An international warrant for three Israeli citizens was issued from the Interpol
headquarters in Lion: Yair Klein, Melik Ferry e Tzedaka Abraham are accused of
having trained during the 90s an unknown number of farmers in order to transform
them into far right paramilitaries ready to kill.
The charge. The Court in Manizales asked for the warrant. During the 60s in Colombia, soldiers
and ex foreign soldiers signed many contracts with the now disappeared Medellín
Cartel, run by the infamous drug trafficker Pablo Escobar. These people were recruited
as mercenaries for the illegal squads, formed to run the drug trafficking and
to handle with the left wing guerrilla warfare. The investigation is based precisely
on these contracts. A particular reference is made to the United Self-Defense
Forces of Colombia, the best organized and biggest extreme right organization
in the country, accused of murders, tortures and forced evacuations.
The Confession. One of the accused did not reject the charges against him. Yar Klein, a former
colonel of Israeli army, admitted he trained extremist reactionary squads to fight
against Colombian revolutionary armed forces and the army for National Liberation
Army but denied he has ever worked for drug cartels. He made this admission during
a talk at the network Caracol and Klein, previously sentenced in Tel Aviv for
gun traffic with illegal Colombian groups, made clear that ‘They were not trained
to kill, just to defend themselves’.
Who are the paramilitaries?
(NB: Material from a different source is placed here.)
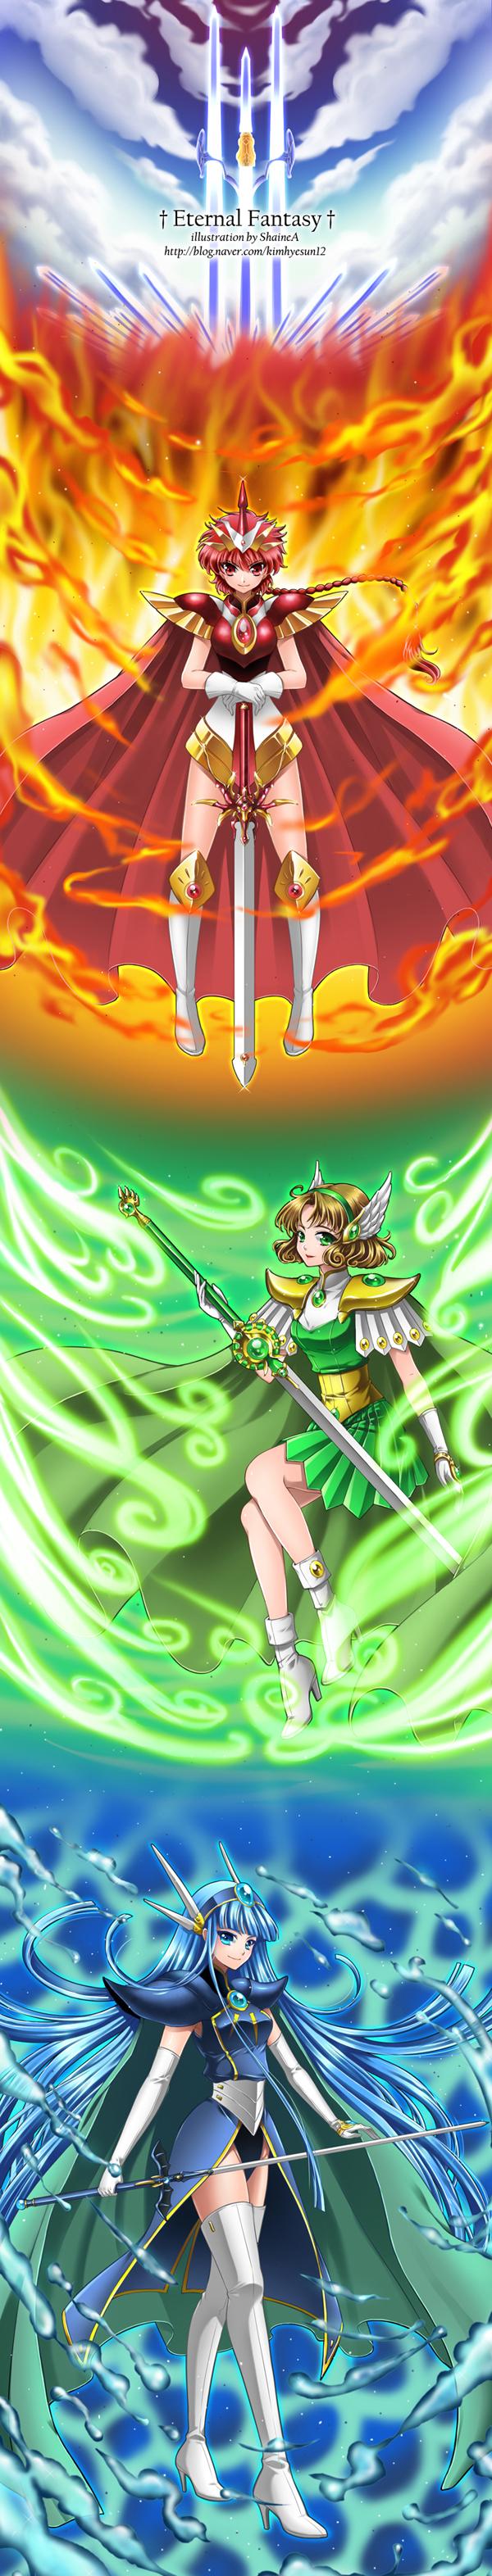 Tags: Anime, ShaineA, Magic Knight Rayearth, Shidou Hikaru, Hououji Fuu, Ryuuzaki Umi, Rapier

Although the majority of the members of the United Self-Defense Forces of Colombia
are taking part in the desmantling plan as the president Alvaro Uribe required
with the Justice and Peace law, the organization is still alive, prevailing upon
any drug cartel or any local boss. The AUC has become very powerful organization,
touching with its tentacles every one of the three powers. Paramilitarism is involved
in the legislative, in the executive and the judiciary, rigging laws, decisions
and trials. In the last months there was a scandal in this ‘para-politics’, that
filled the prisons with MPs, administrators and secret agents who worked with
the paramilitary groups and that brought to light the names of multinationals
who financed the illegal squads. This series of scandals is bringing Colombians’
trust in the government down to the historical minimum.
The tip of the iceberg. Six MPs members of the majority party have been convicted of creation of paramilitary
groups, drug trade and murder together with Jorge Noguera, former director of
DAS (the secret police of the government) and consul of Milan. He is accused of
being responsible for murders of many social activists, of election fraud (when
he was regional director of the first presidential campaing of the president),
of money laundering in drug traffic and to maintain relations with some of the
most powerful paramilitary bosses in the Caribbean coast. President Uribe has
already lost his reputation for Noguera: ‘I do trust him’, he said in November
in his defence. The news that six mayor of an oil-rich region and farmers have
been arrested because they supported paramilitary bosses spreaded yesterday. But
this seems to be only the tip of the iceberg and new suspects come up every day.